Tras esto, el resto de los dioses que habían gobernado junto a él, buscaban desesperadamente un sustituto, alguien para dirigir al pueblo y darles un modelo a seguir, una causa por la que luchar. No hubo suerte. Fueron 4 años duros. El pueblo se sintió huérfano, sin energía nuevamente. Los dioses ancianos que aún seguían en el olimpo, desesperados, trajeron nuevos hombres para gobernar el templo. Eran hombres sin mucho renombre, pero con la misma determinación que un día tuvo aquel soldado que tantas alegrías trajo a su pueblo. Entre ellos, un delgado chico sudamericano con la potencia de un halcón, un espigado gigantón valón con la fuerza de una girafa, y un paladín desconocido, un showman capaz de invocar la magia más oscura y utilizarla a su antojo. Bajo el mando de estos nuevos caballeros, el pueblo se agarró al hilo de esperanza que estos les traían. Tras mucho esfuerzo de los guardianes del olimpo y sus nuevos compañeros, el pueblo prosperó, y volvió a parecerse a lo que fue con aquel comandante que tanto echaban de menos.

 

El período de prosperidad por fin, después de tantos años, se instauró.

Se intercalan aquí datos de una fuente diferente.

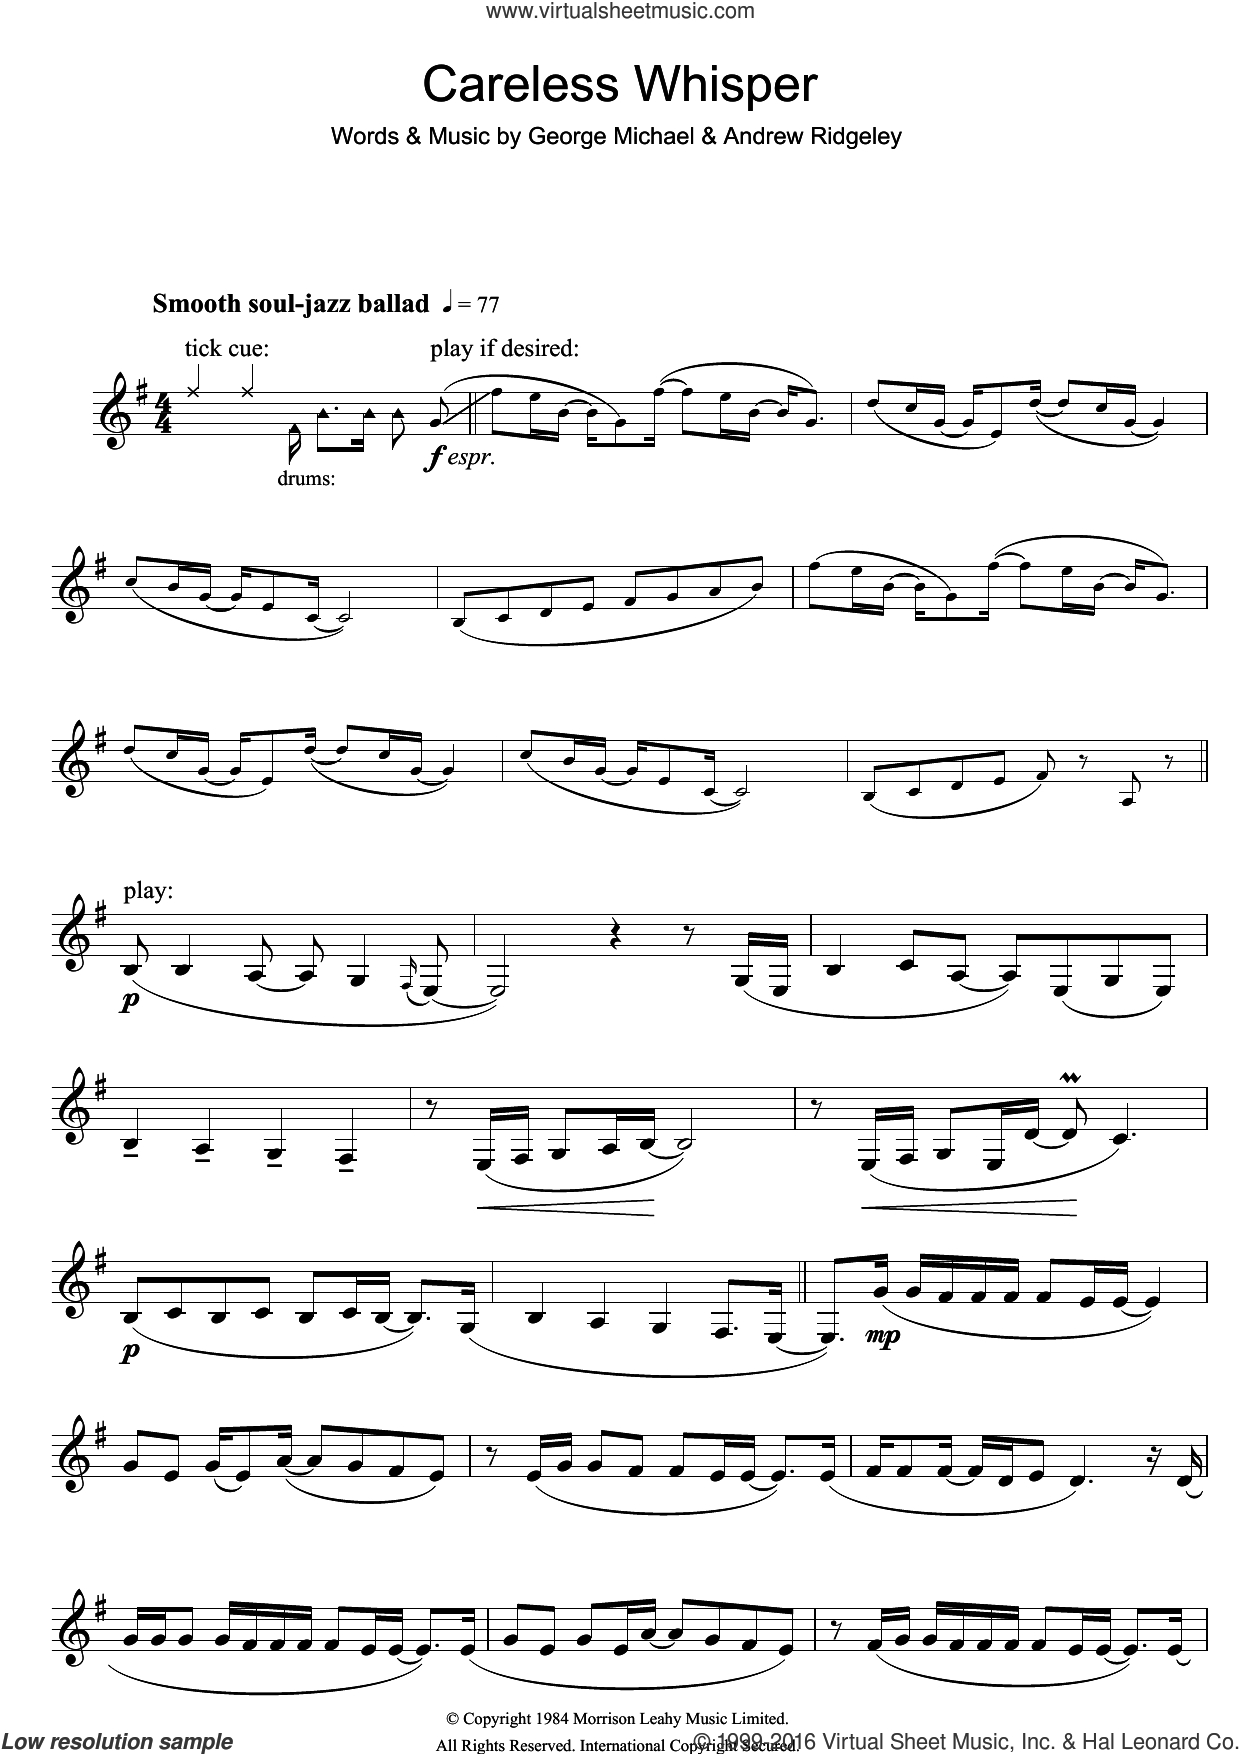 Careless Whisper Sheet Music For Clarinet Solo [Pdf] - Free Sheet Music For Clarinet Printable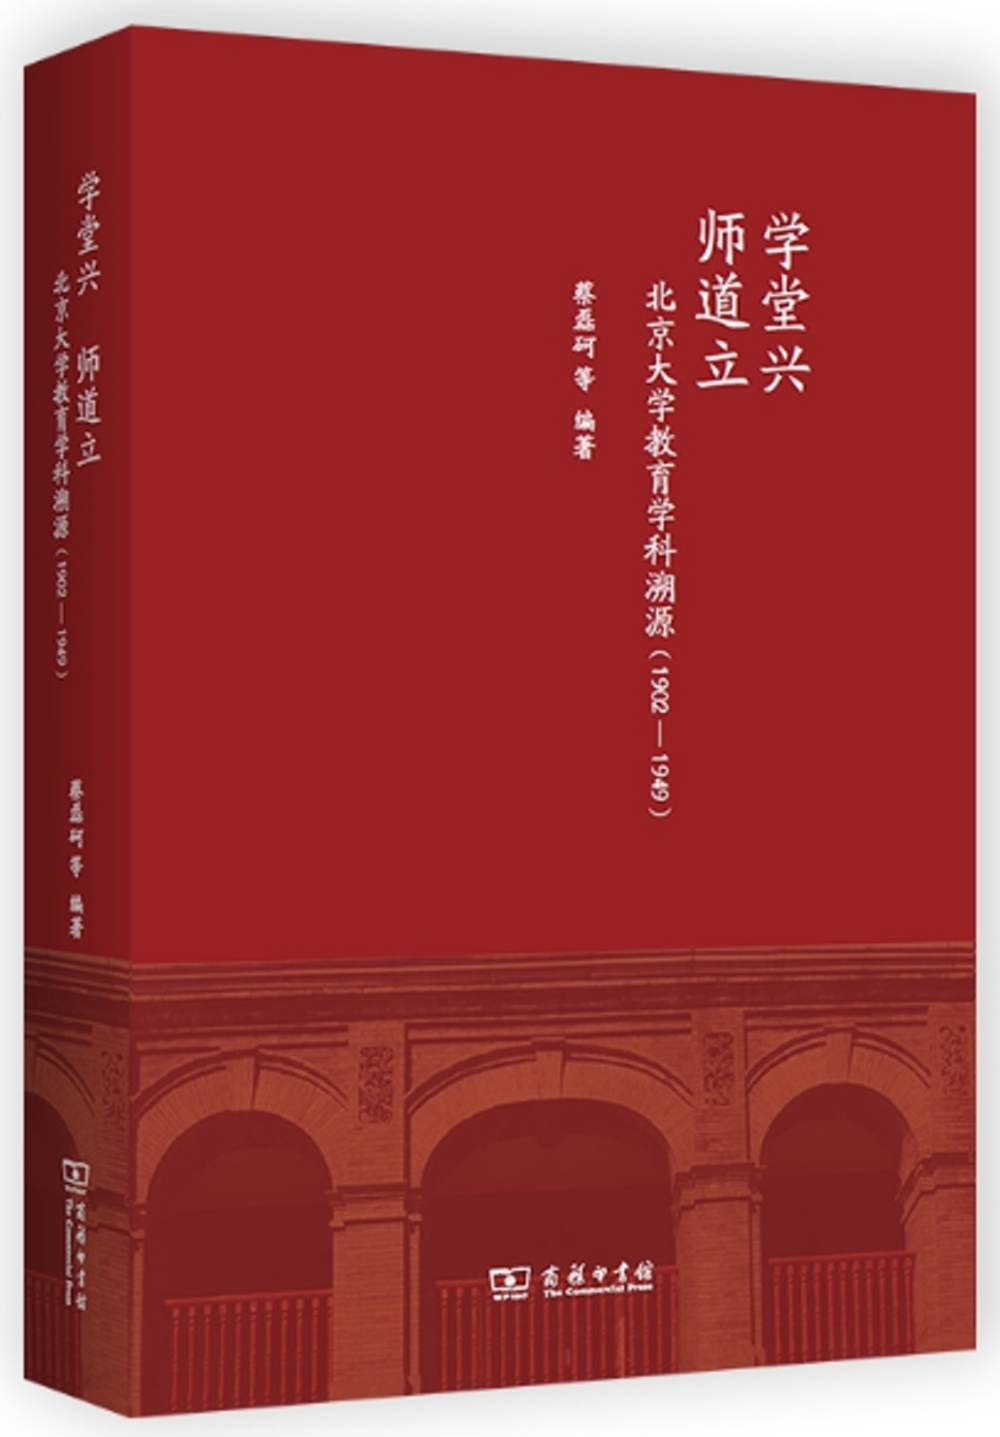 學堂興 師道立：北京大學教育學科溯源（1902-1949）

Pero recientemente, debido a la popularidad del olimpo del templo, varios nuevos y codiciosos dioses han ido incorporándose a la causa. En general, contando con todo el apoyo y júbilo del pueblo. Estos nuevos dioses, han comenzado a prometer riquezas y prosperidad a su pueblo, recordando a aquellos dioses que un día hicieron lo mismo, para luego, cuando la situación en el templo se pusiese complicada, desaparecer dejando a su pueblo huérfano y sin rumbo. Aun así, esto no parece importar mucho al pueblo, quien está volviendo a creer en las promesas de los dioses, ignorando la frase que su creador, Don Santiago, les dijo una vez: “El pueblo que no conoce su historia, está condenado a repetirla”.

 

José García-Quintián Ramonde N7 1B. 30 de enero de 2025.